Warto jednak pamiętać, że rekonstrukcja historyczna nie przedstawi w całości, czym było życie ułańskie, żołnierskie. Za pomocą rekonstrukcji można pokazać tylko małą, aczkolwiek ważną, część, w której akcentuje się przede wszystkim pojęcia patriotyzmu, poświęcenia się dla ojczyzny. Zdarza się, że niektórzy druhowie dochodzą wręcz do fetyszyzacji pułkowych tradycji. Tak na przykład przytrafia się, że duch kawaleryjski jest sprowadzany do banalnych dyskusji nad liczbą guzików w mundurze, przesadną służbistością wśród osobników niemających nic wspólnego z wojskiem, co więcej, nawet nieumiejących utrzymać się na koniu w taki sposób, aby nie kaleczyć siebie i konia.
Rekonstrukcja jest na pewno bardzo wymagającą formą spotkania z historią. Od pasjonata wymaga dużo czasu i niemało pieniędzy. Warto również pamiętać, iż aby poznać życie wojska w okresie międzywojnia, nie wystarczy mundur czy pokaz kawaleryjski.

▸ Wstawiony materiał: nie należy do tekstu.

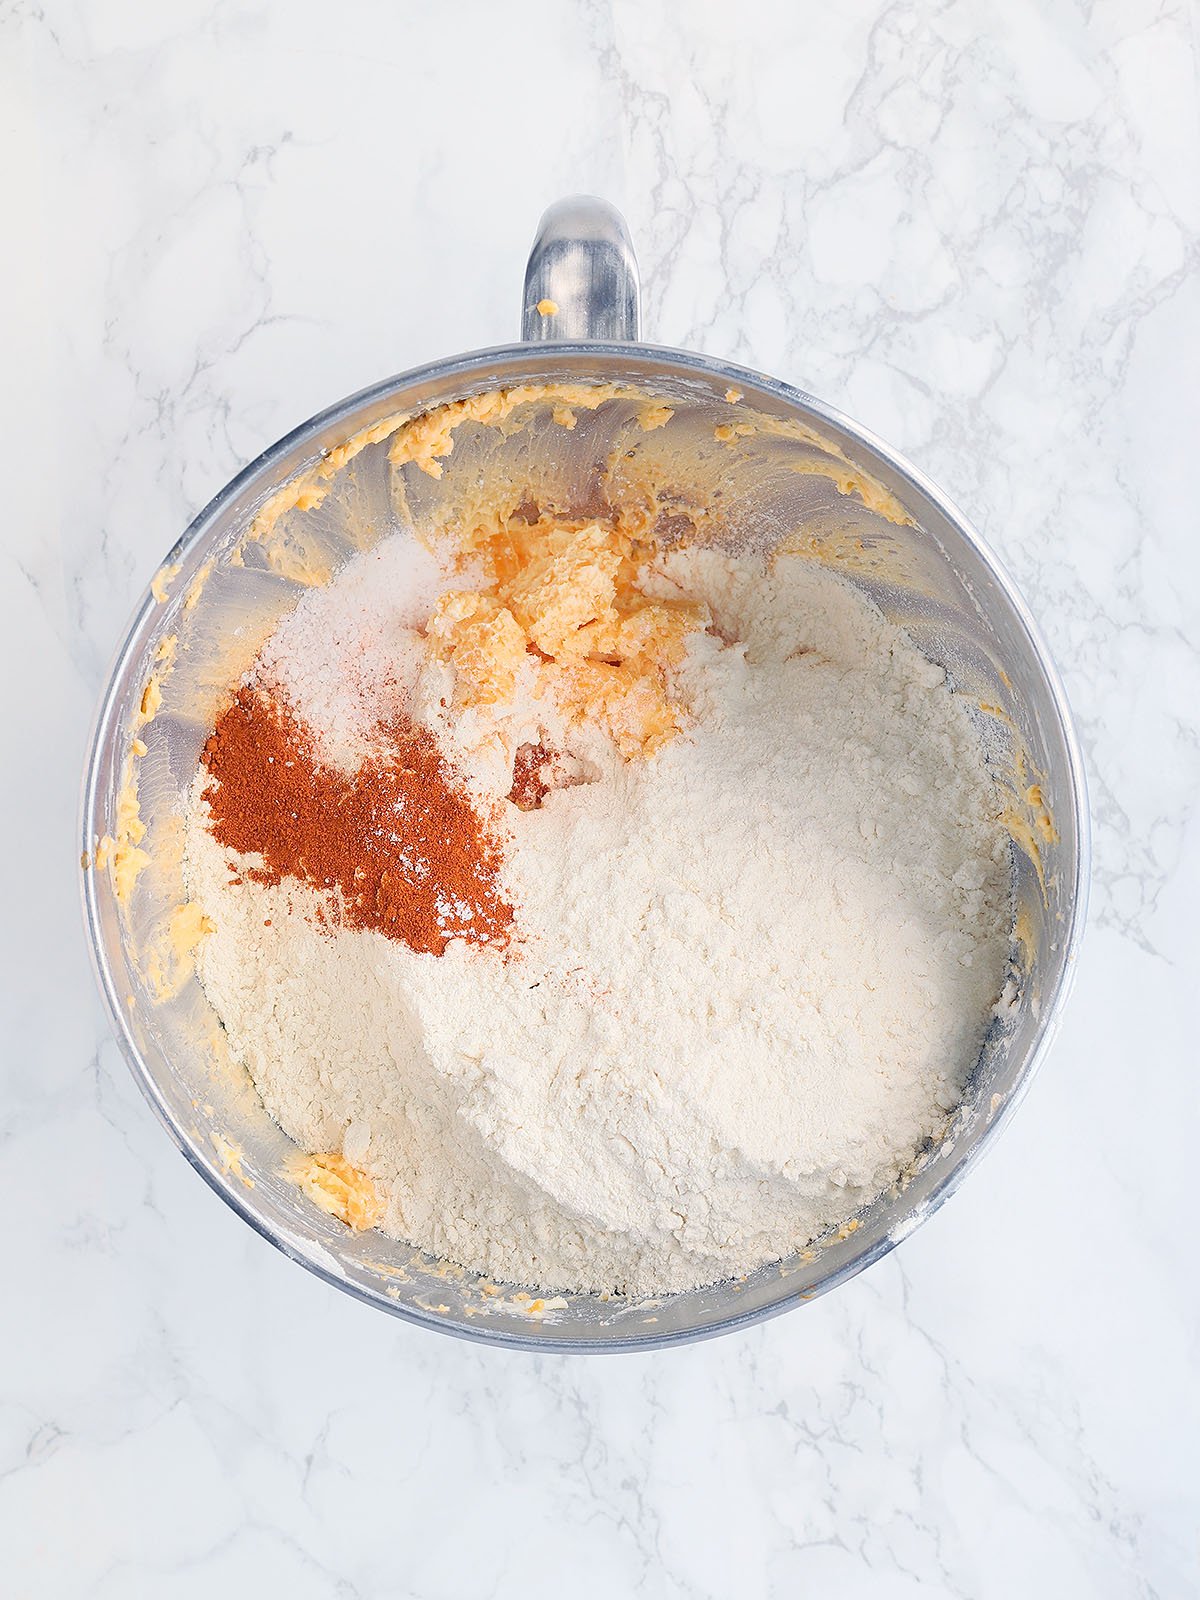 flour, salt and cayenne pepper added to the cheese mixture in a metal mixing bowl.

Nie da się tego zrobić bez lektury wspomnień z tego okresu, a także wizyty w archiwum, która czasem może się okazać bardzo zaskakująca. A jeśli okaże się, że nasi bohaterowie nie zawsze postępowali bez zarzutu? Będzie to okazją do nauki, że do wielkich ideałów dorasta się powoli i nie bez wysiłku.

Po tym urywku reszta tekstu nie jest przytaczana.